Work to complete:
In the listing below, find the line containing "맨체스터 - North" and the line containing "在樓梯結合 LED 燈的設計,點綴一些紅色光源在下方,在黑夜中達到引導的功能,將設計藏於細節中。", then copy exactly everything from the first through the second, except the pictures.

Records shown:

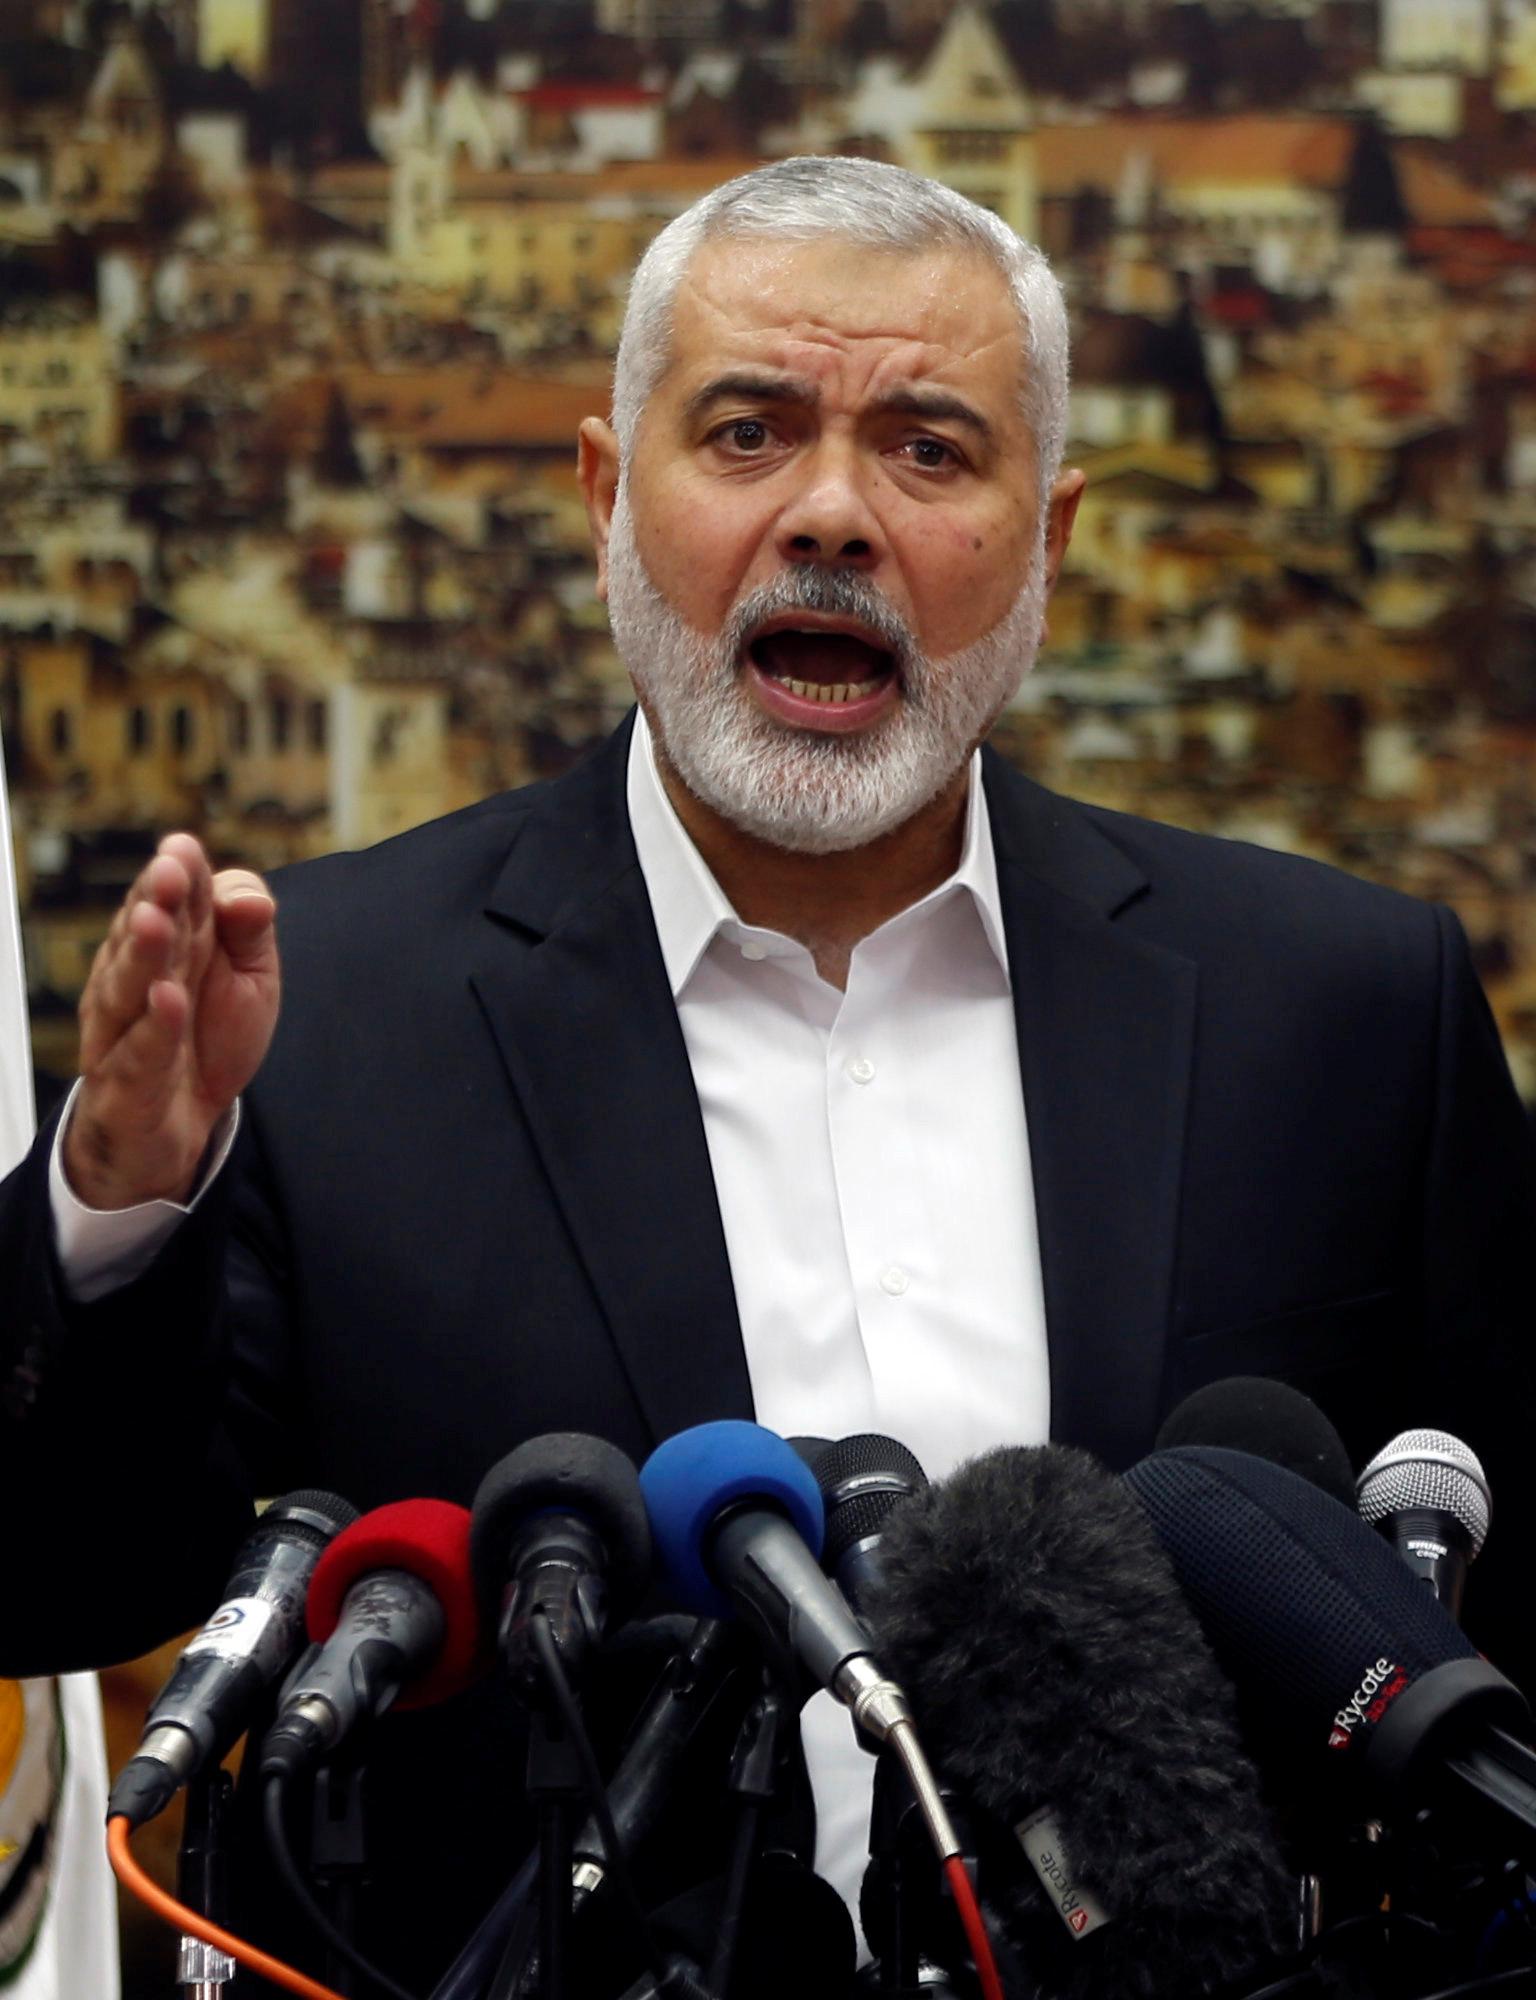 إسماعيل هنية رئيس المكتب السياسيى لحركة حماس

...

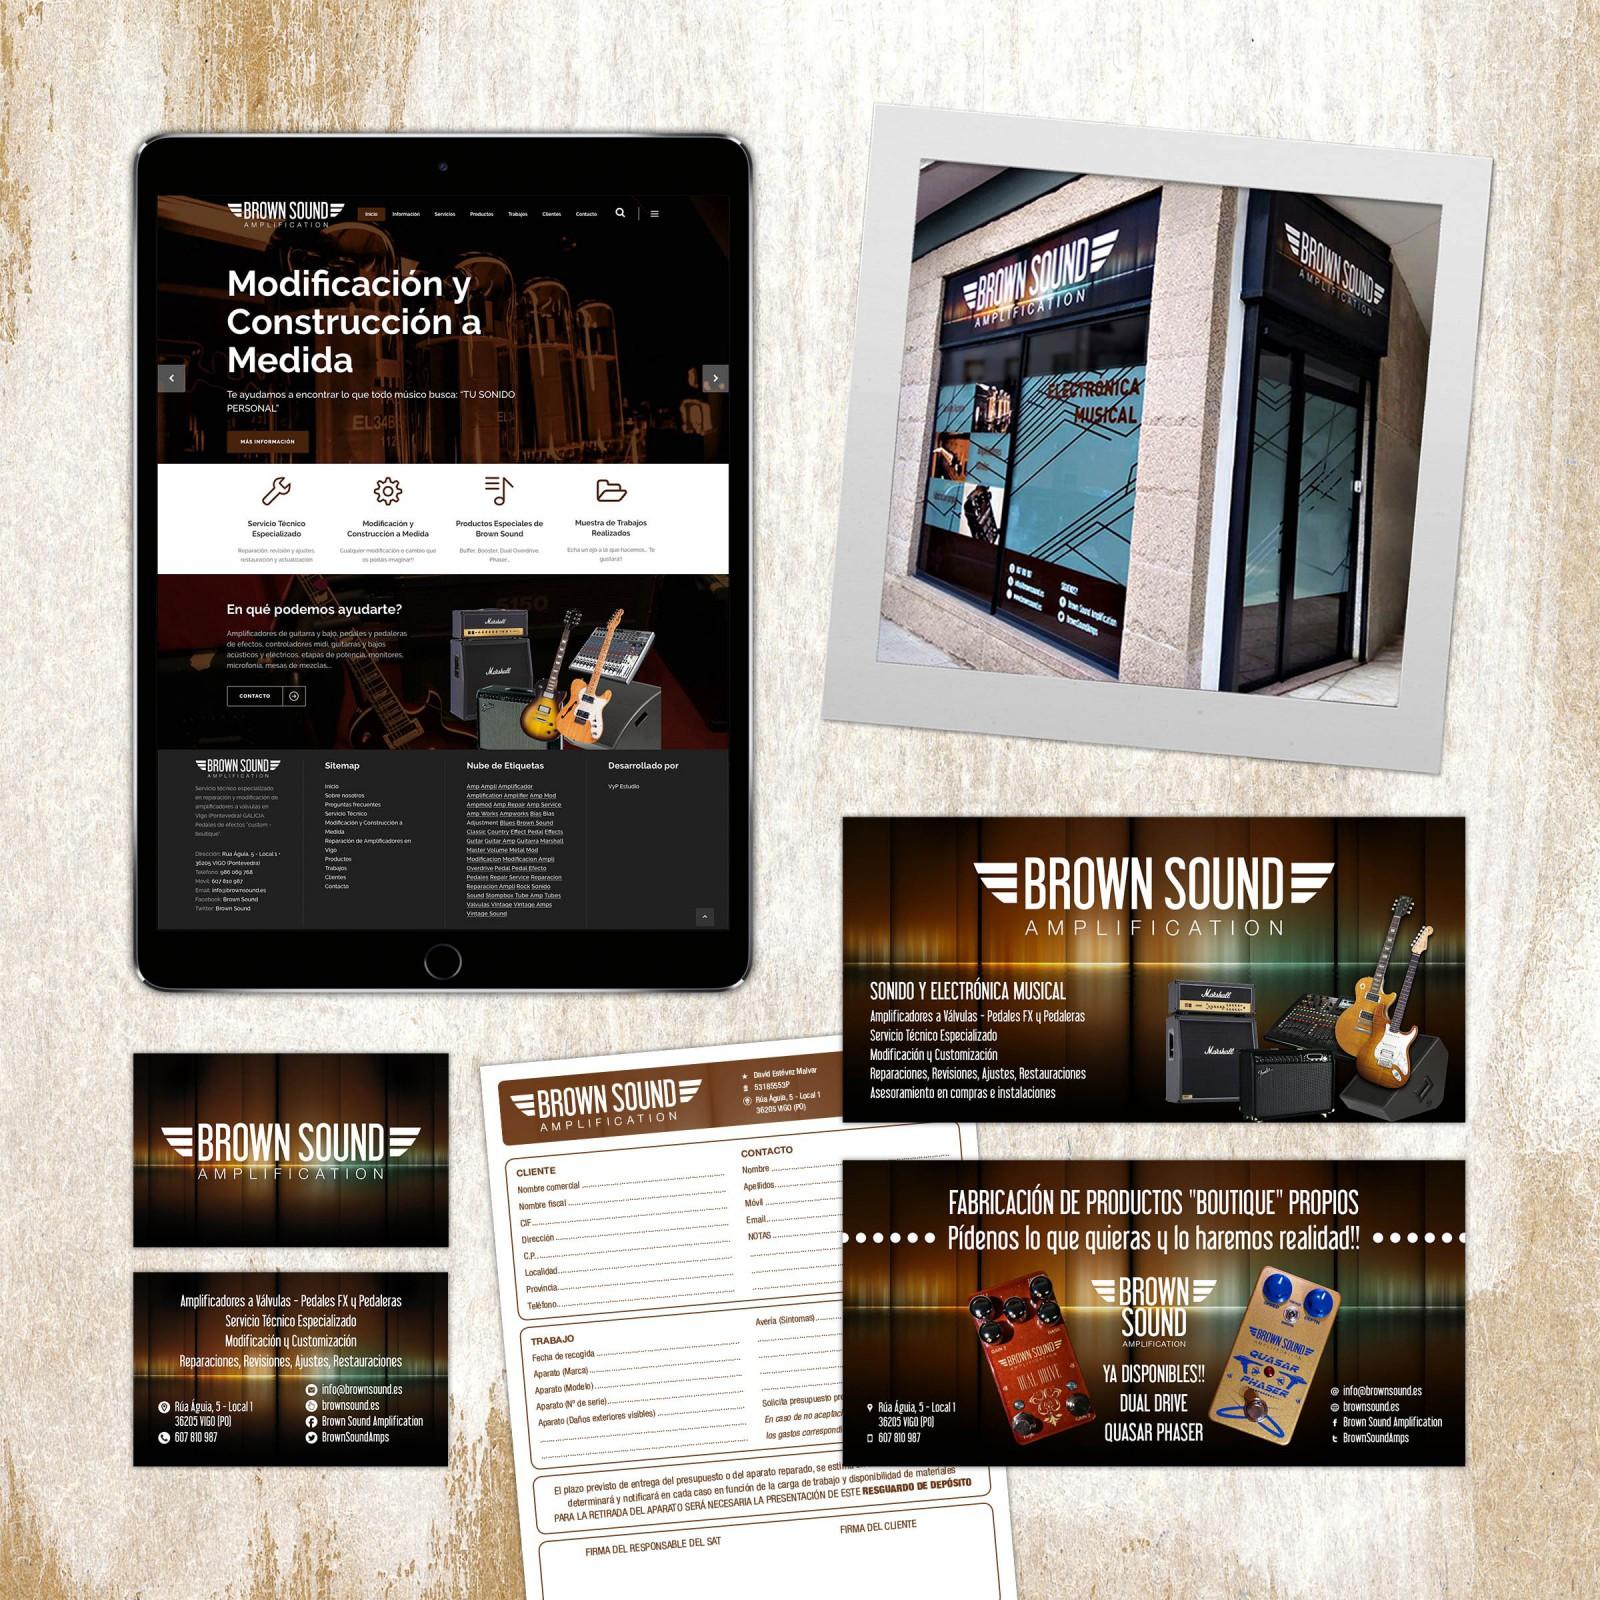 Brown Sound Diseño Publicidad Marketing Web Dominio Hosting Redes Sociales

...

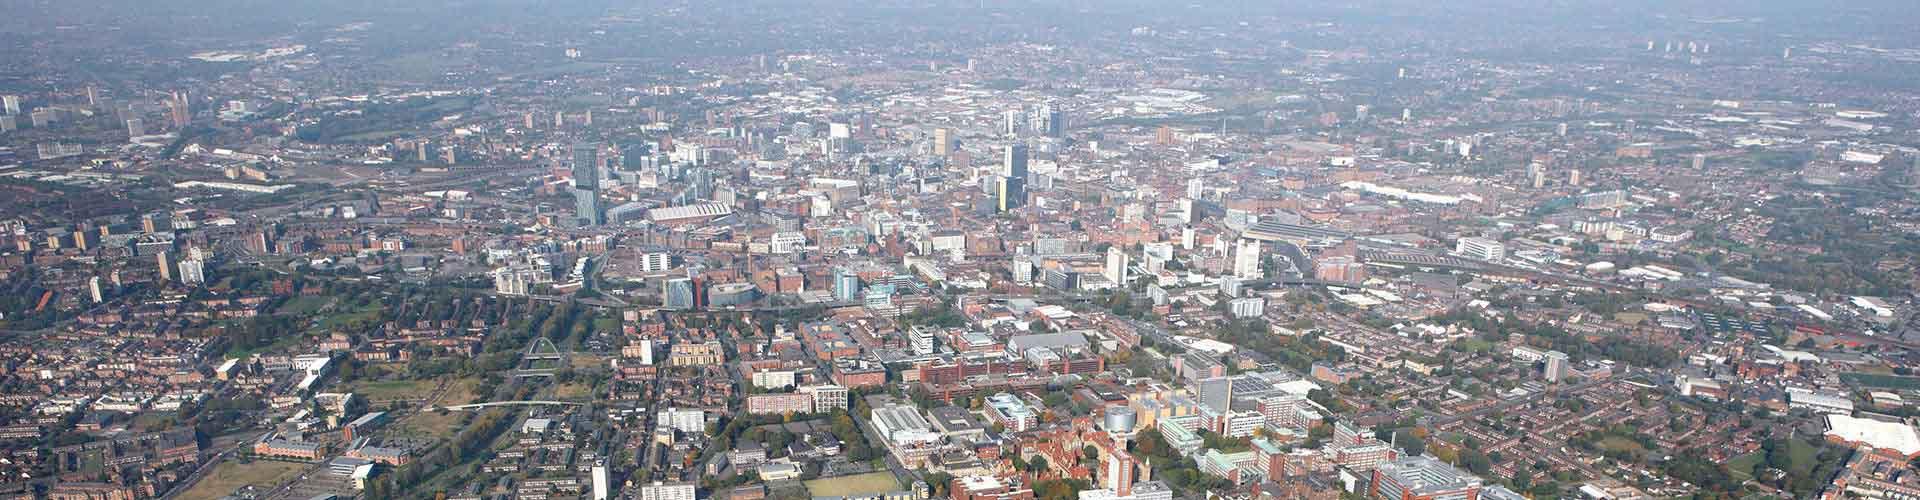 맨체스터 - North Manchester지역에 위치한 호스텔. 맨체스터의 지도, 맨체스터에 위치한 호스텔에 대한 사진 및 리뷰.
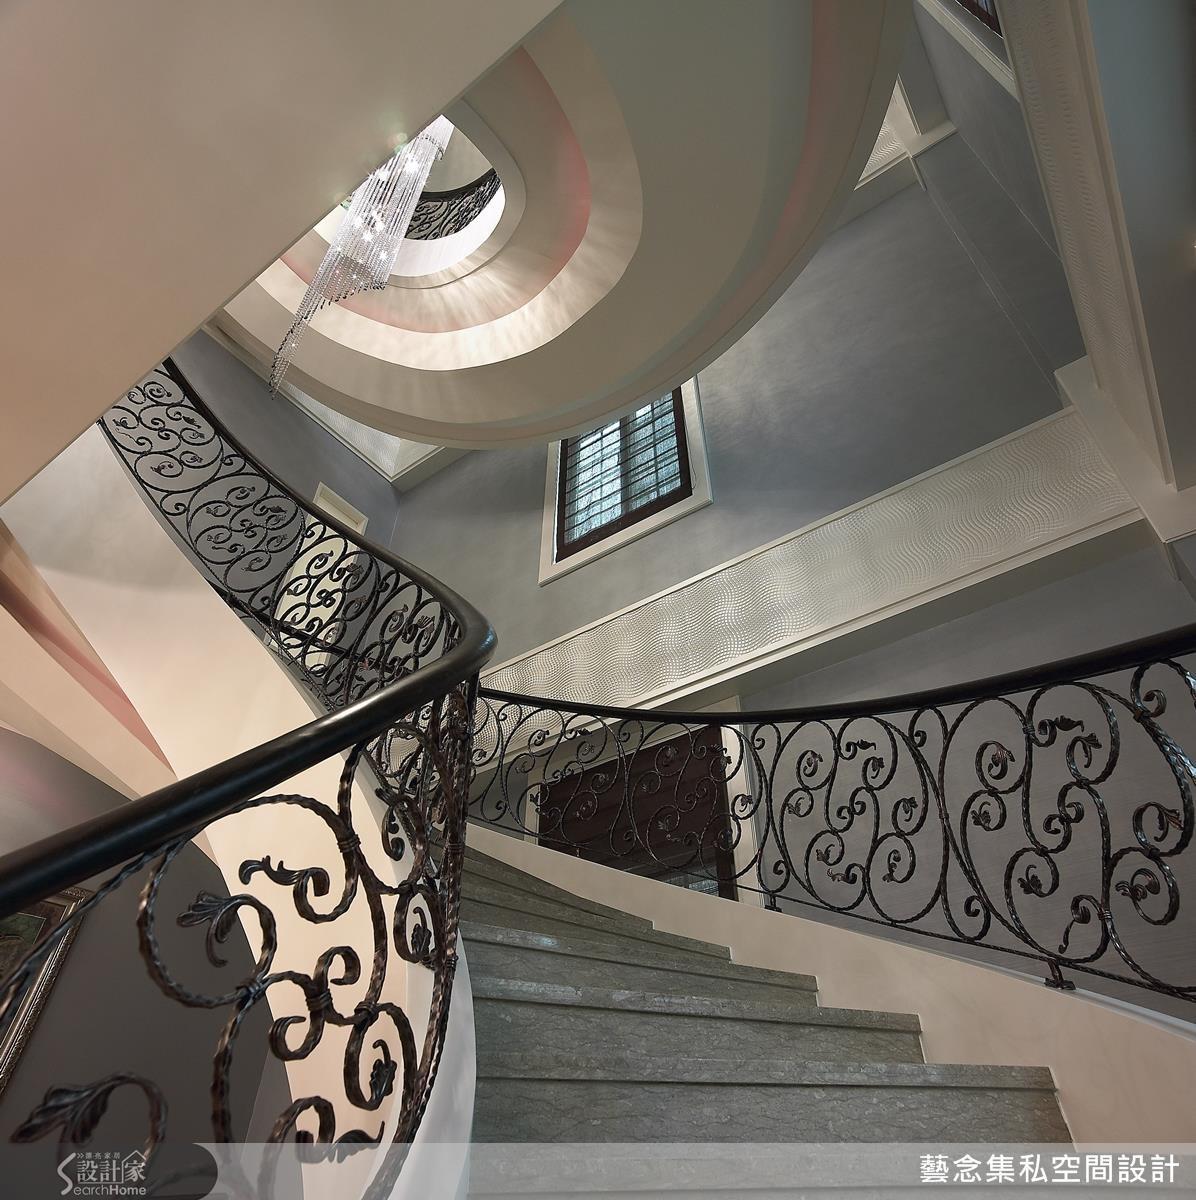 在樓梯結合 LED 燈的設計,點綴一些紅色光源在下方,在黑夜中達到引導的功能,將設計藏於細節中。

Task answer:
 맨체스터 - North Manchester지역에 위치한 호스텔. 맨체스터의 지도, 맨체스터에 위치한 호스텔에 대한 사진 및 리뷰.
 在樓梯結合 LED 燈的設計,點綴一些紅色光源在下方,在黑夜中達到引導的功能,將設計藏於細節中。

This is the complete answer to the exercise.